Melioidosis is an emerging infection in South East Asia and Australia [1]. An increasing number of cases of melioidosis were reported in Sri Lanka in the recent past [2]. It has a wide range of clinical presentations, especially in the immunocompromised [3]. Clinical manifestations of melioidosis can be localized skin involvement or can be complicated with bloodstream invasion leading to sepsis and deep-seated abscesses [1]. Sweet’s syndrome also known as acute febrile neutrophilic dermatosis was first described by Robert Sweet in 1965. It can be either primary or secondary to various infections, haematological neoplasms, autoimmune diseases and drugs [4]. Varied cutaneous manifestations have been described in association with melioidosis [5]. However, Sweet syndrome secondary to melioidosis has not been described so far. Herein we describe a case of melioidosis associated with Sweet syndrome in a Sri Lankan female.

Case presentation

A 53-year-old previously healthy Sri Lankan female presented with high-grade fever, painful oral ulcers, odynophagia and multiple bilateral enlarged cervical lymph nodes for 1 month. She also had a loss of appetite and loss of weight. There was no cough or haemoptysis, past or contact history of tuberculosis, arthralgia, urinary symptoms or altered bowel habits. She denied high-risk sexual behaviour. On examination, apart from bilateral cervical lymphadenopathy she also had a discharging sinus over the submental region and bilateral blepharitis. Dermatological examination revealed multiple erythematous tender papules and plaques with the mamillated appearance and centrally yellowish targetoid lesions symmetrically distributed over the face (Fig. 1), upper trunk and upper limbs. The oral ulcers were multiple tender erosions with an erythematous border and a fibrinous base involving lips, tongue (Fig. 2) and buccal mucosa. She never experienced red eyes. She also had multiple tender subcutaneous nodules over the upper limbs. There was no hepatosplenomegaly. Cardiovascular, respiratory and neurological examinations, including the optic fundus, were normal.

Fig. 1
figure 1

Targetoid skin lesions over the face

Fig. 2
figure 2

Mucosal lesions in the tongue

The whole blood count showed mild neutrophil leucocytosis. ESR was 129 mm/1st hour (normal 0–20 mm/1st hour) and CRP was 195 mg/L (normal < 3 mg/L). Liver and renal function tests were normal. She had a positive mantoux test of 19 mm. The chest radiograph was normal. Repeated sputum examinations for Acid Fast Bacilli, Tuberculosis culture and GeneXpert were negative. Human immunodeficiency viral antigen and antibody were not detected. Her fasting blood sugar and HbA1C were normal. Blood culture remained sterile. Aspirate from the suppurative submental lymph node grew Burkholderia pseudomallei (B. pseudomallei). Melioidosis antibody titer was > 10,240.

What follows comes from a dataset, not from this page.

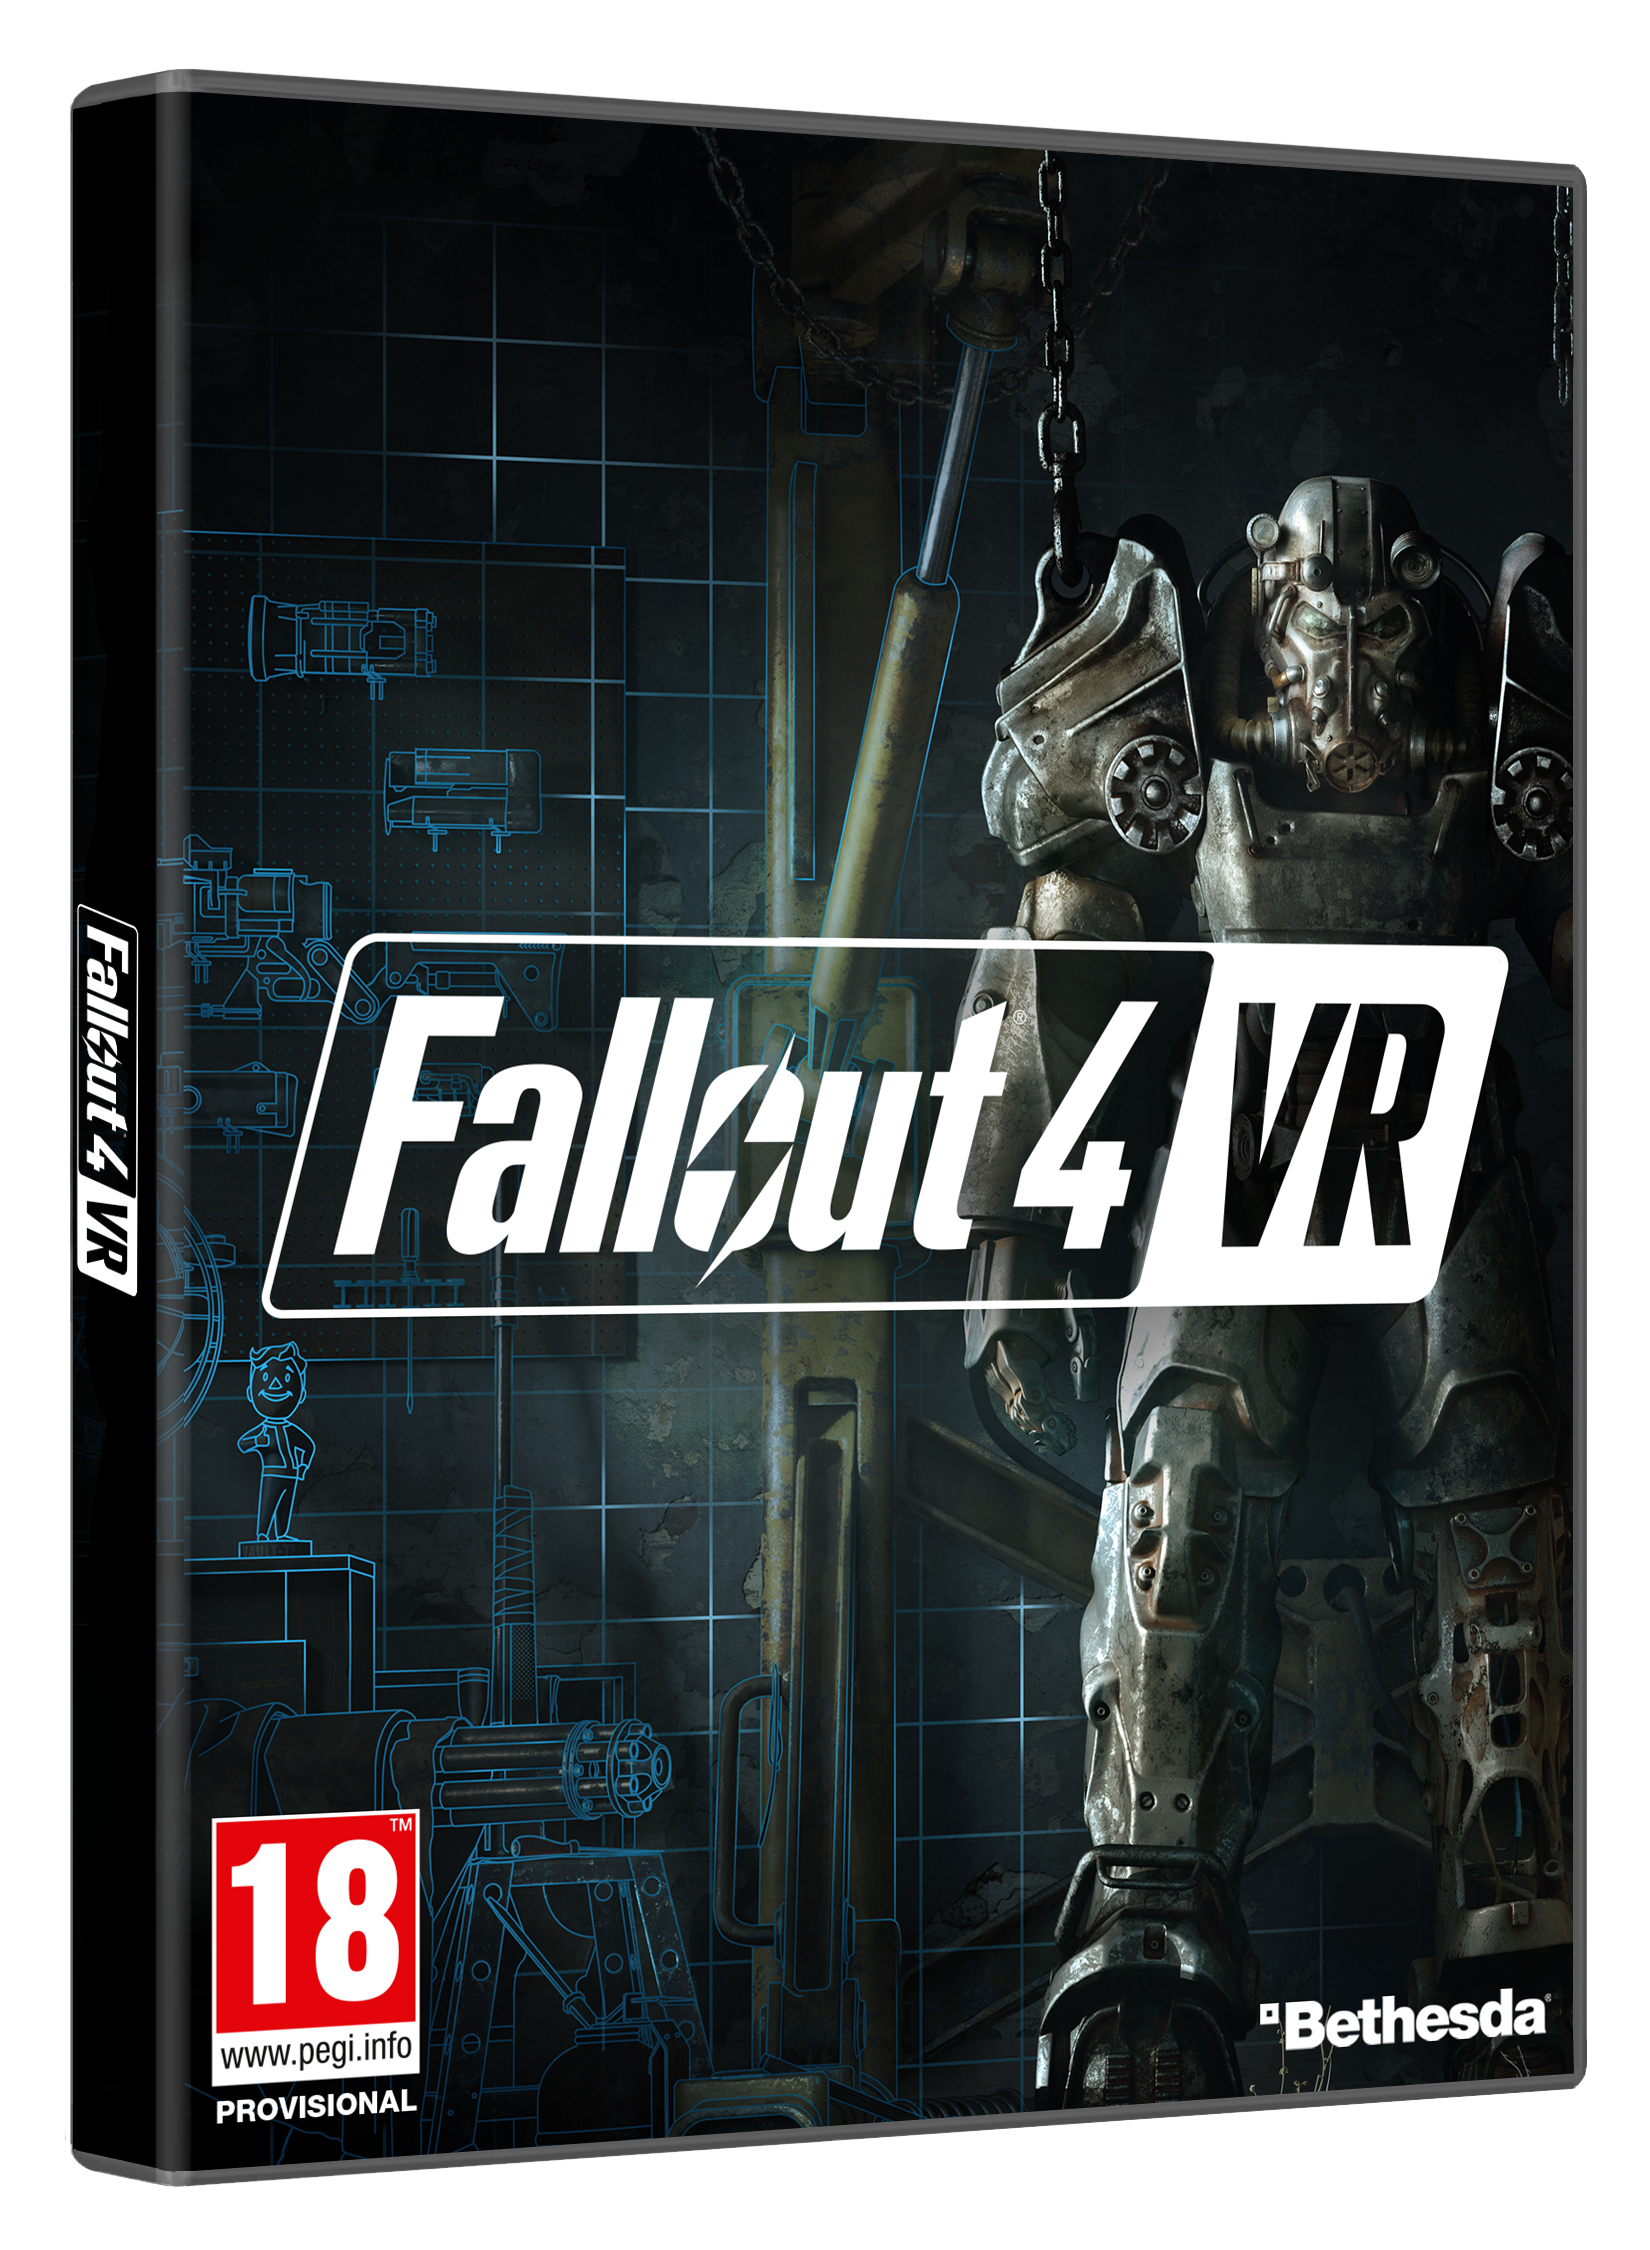 mods for fallout 4 vr

Histology from skin lesions of the face and left forearm showed a prominent neutrophilic infiltrate in the dermis extending into the subcutaneous fat, which is in favour of Sweet syndrome with panniculitis (Figs. 3 and 4). Contrast-Enhanced Computerised Tomography (CECT) of the brain, chest, and abdomen revealed matted cervical and mediastinal lymph nodes, non-enhancing hypoechoic lesions in the liver and spleen and a right-sided pleural effusion with underlying consolidation.

Fig. 3
figure 3

LM- H&E × 100-Diffuse and perivascular infiltrate of neutrophils in the dermis. Epidermis histologically unremarkable

Fig. 4
figure 4

LM- H&E × 400-Diffuse neutrophil infiltrate with karyorrhectic debris in the dermis

The patient was started on intravenous meropenem 2 g daily. She showed rapid clinical improvement with the disappearance of skin lesions with a significant reduction in inflammatory markers. This case clearly demonstrates that, when sweet syndrome occurs in the background of systemic infection, it subsides with treating the infection alone with intravenous antibiotics. Our patient showed clinical resolution without requirements of steroids or other immunosuppressant medications.

Discussion and conclusion

Melioidosis is caused by B.pseudomallei which is a free-living saprophyte in the environment and infects humans by direct penetration via skin abrasions or inhalation of dust [5]. It is a life-threatening infection that is estimated to cause 89,000 deaths per year worldwide [6]. The infection may remain localized or may progress rapidly through the bloodstream. The specific manifestations, severity, and chronicity of melioidosis may vary depending on bacterial strain and load, the route of bacterial entry (cutaneous penetration, ingestion or inhalation) and host immune function [6]. The various clinical manifestations of melioidosis are summarised in Table 1. Disseminated infections with multiorgan involvement complicating with sepsis, septic shock and death are more commonly seen in immunocompromised patients. The risk factors include but not limited to diabetes mellitus, organ failure (end-stage renal disease, cirrhosis, etc.), thalassemia, alcoholism, and immunosuppressive therapy [2]. However, like our patient melioidosis could also affect healthy adults and children without any obvious risk factors.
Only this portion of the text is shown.